The version of [[Omega]]SANE supplied with System 7.0.1 installs only on
machines equipped with a Macintosh IIci ROM or later and also equipped with an
FPU. For example, it installs on a Macintosh IIsi running System 7.0.1 and
equipped with an FPU, but not on one without an FPU. On the Macintosh Quadras
and the PowerBook 140/170 it is in ROM, although it doesn't load on the
PowerBook 140 unless it has an optional FPU. On machines where the FPU is
optional, addition of an FPU may require re-installation of System 7.0.1 before
the FPU version of [[Omega]]SANE will load.
Table 1 presents configuration information concerning the versions of SANE
which may be installed by System 7.0.1. Information in this table is subject to
change. The FPU column states whether the machine has an FPU or if it is
optional. The column labeled "Correctly Rounded Bin <-> Dec" shows
whether improved versions of the binary <-> decimal conversion routines
(discussed below) are available, and which version (V.1 or V.2) is supplied.

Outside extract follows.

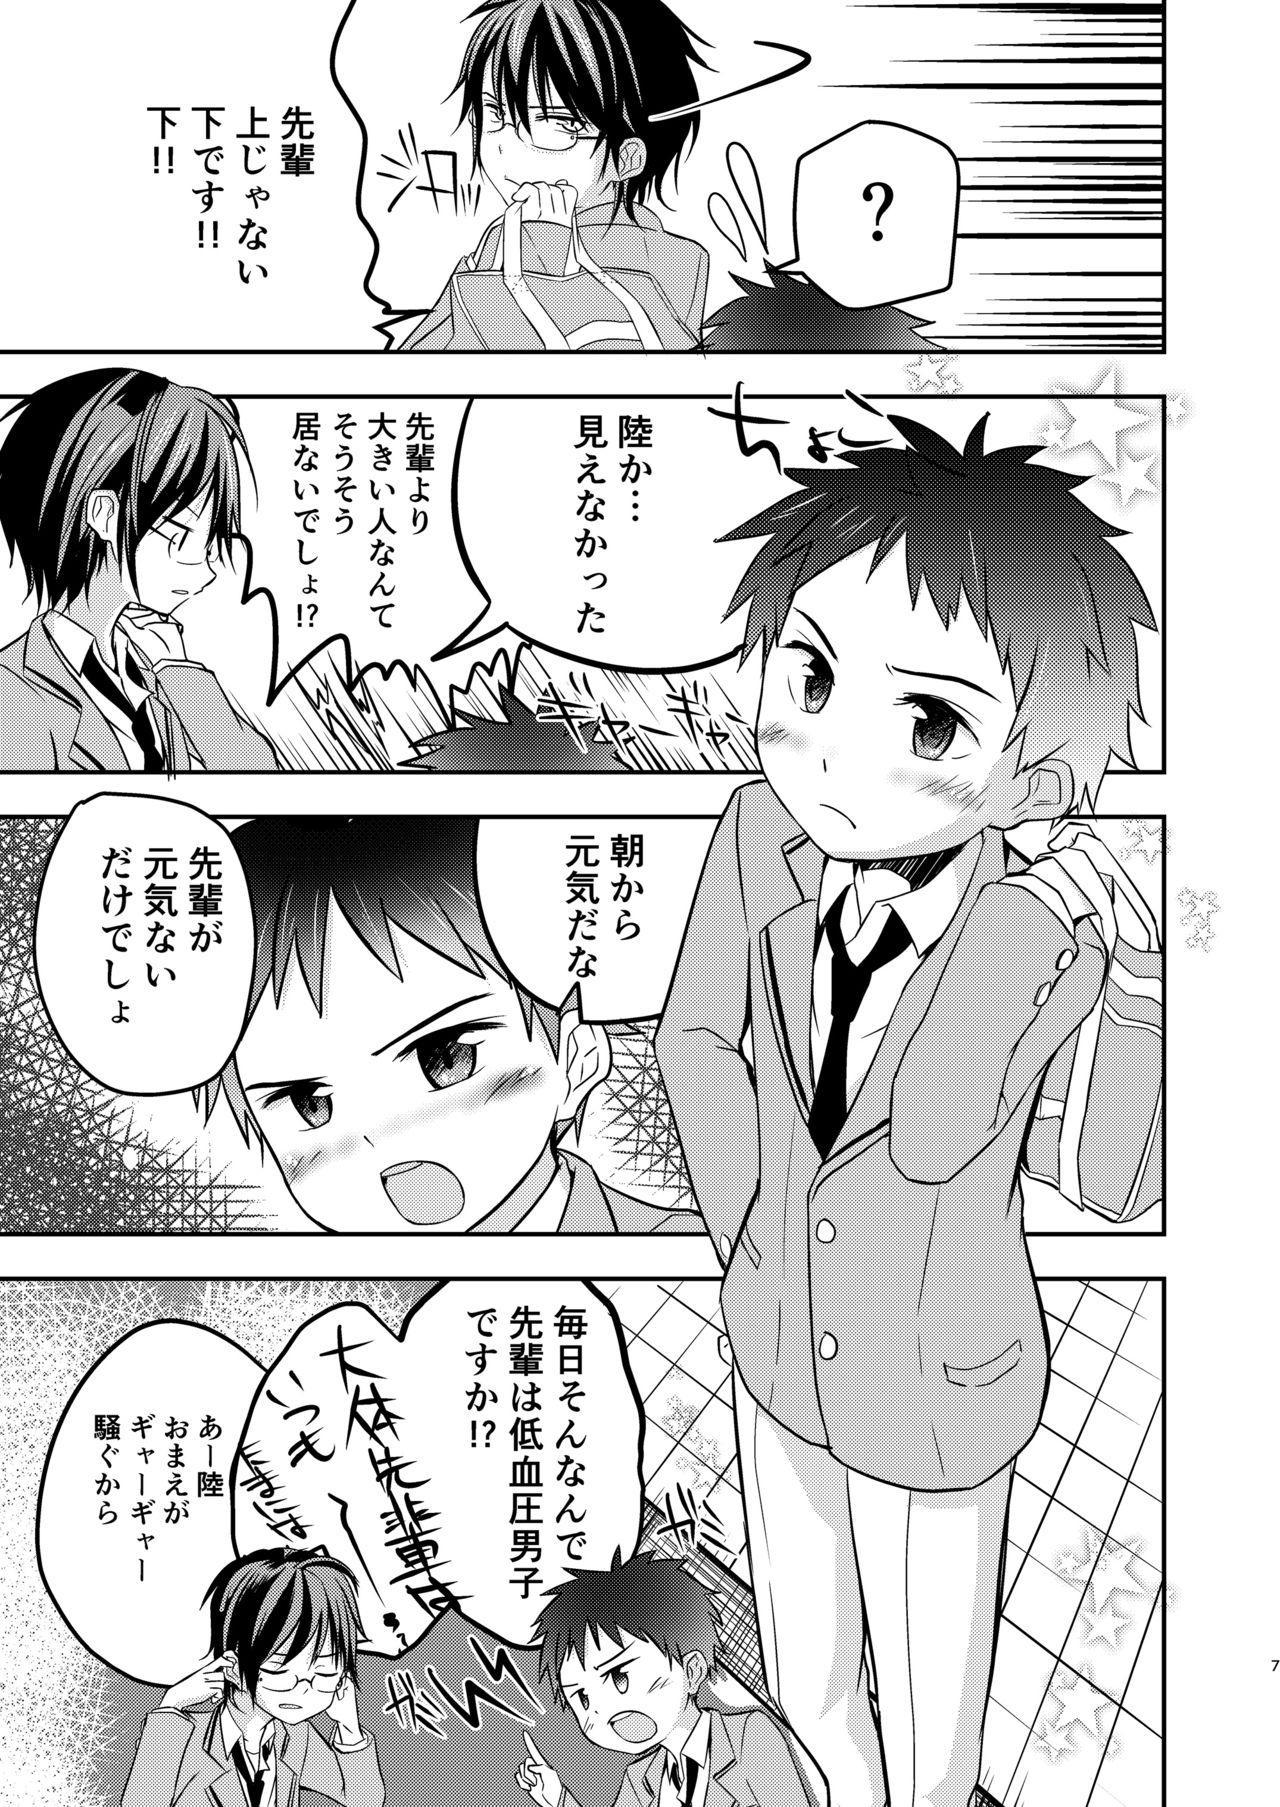 Kichiku Senpai o Yamenaide 6

The "[[Omega]]SANE FPU Version" column states whether [[Omega]]SANE will load
on a given configuration.
Note:
The information in this table will undoubtedly change in the
future. Developers should not assume that any particular machine/system
software combination does or does not have [[Omega]]SANE.
|
Table 1. SANE Configurations
Macintosh CPU FPU Correctly [[Omega]]SANE
Rounded FPU Version
Bin<->Dec
Mac Plus No No No
Mac SE No No No
Mac Classic No No No
Mac Classic II Optional V.2 in ROM w/ 7.0.1 & FPU+
Mac LC Optional V.1 in ROM w/ 7.0.1 & FPU+
Mac IIsi Optional V.1 in ROM w/ 7.0.1 & FPU+
Mac SE/30 Yes No No
Mac II Yes No No
Mac IIx Yes No No
Mac IIcx Yes No No
Mac IIci Yes V.2 with w/ 7.0.1
7.0.1
Mac IIfx Yes V.2 with w/ 7.0.1
7.0.1
PowerBook 100 Yes No No
PowerBook 140 Optional V.2 in ROM w/ 7.0.1 & FPU+
PowerBook 170 Yes V.2 in ROM Yes
Quadra 700 Yes V.2 in ROM Yes
Quadra 900 Yes V.2 in ROM Yes
|
+FPU optional systems may require reinstallation of System 7.0.1 after installation of an FPU before the
[[Omega]]SANE FPU version will load.
There is no way programmatically to disable [[Omega]]SANE in System 7.0.1, nor
is it a user option. There is also no way to reliably detect that [[Omega]]SANE is present.

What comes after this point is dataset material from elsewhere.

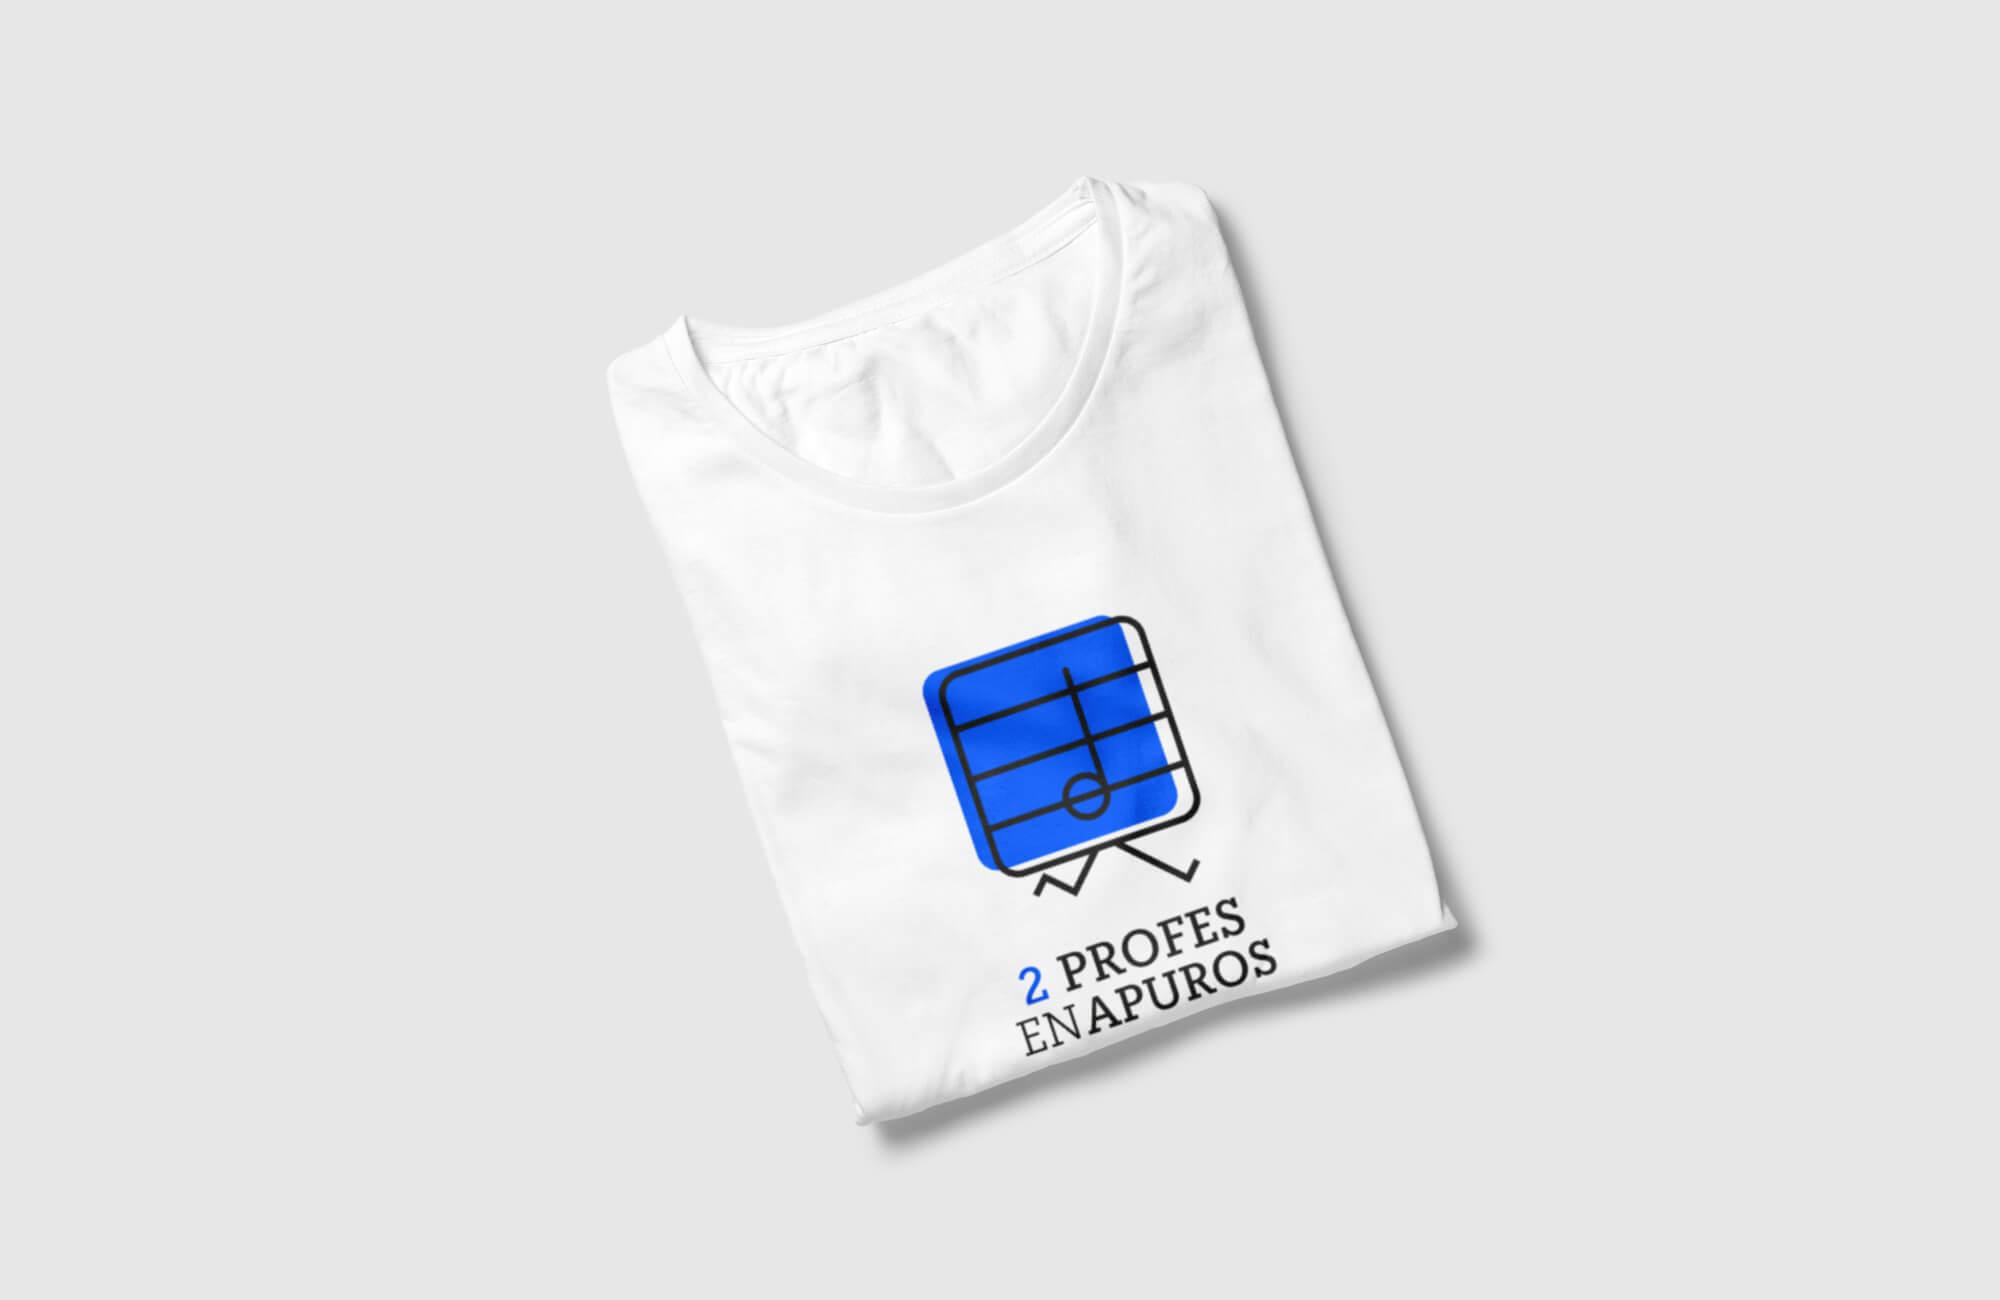 2profes_camiseta

Back to top Binary <-> Decimal Conversions
[[Omega]]SANE includes binary <-> decimal conversion routines that may
produce results that differ from previous versions of SANE. Versions of these
routines have been in some machine ROMs since the Macintosh IIsi, and an
improved version (V.2) is in the newest ROMs, as well as [[Omega]]SANE. Refer
to Table 1 for current configuration information. As a result of these improved
conversion routines, floating-point constants that are used in the body of
source code will compile differently in the presence of [[Omega]]SANE than with
older SANE engines. The results are uniformly better, but may cause unexpected
variances from test suites (for instance). Therefore, care must be given to the
arithmetic environment in which compilations are made. One can tell which
version of the binary<->decimal conversions is currently in use by
performing the following computation on the Calculator DA: 45/100 - 0.45.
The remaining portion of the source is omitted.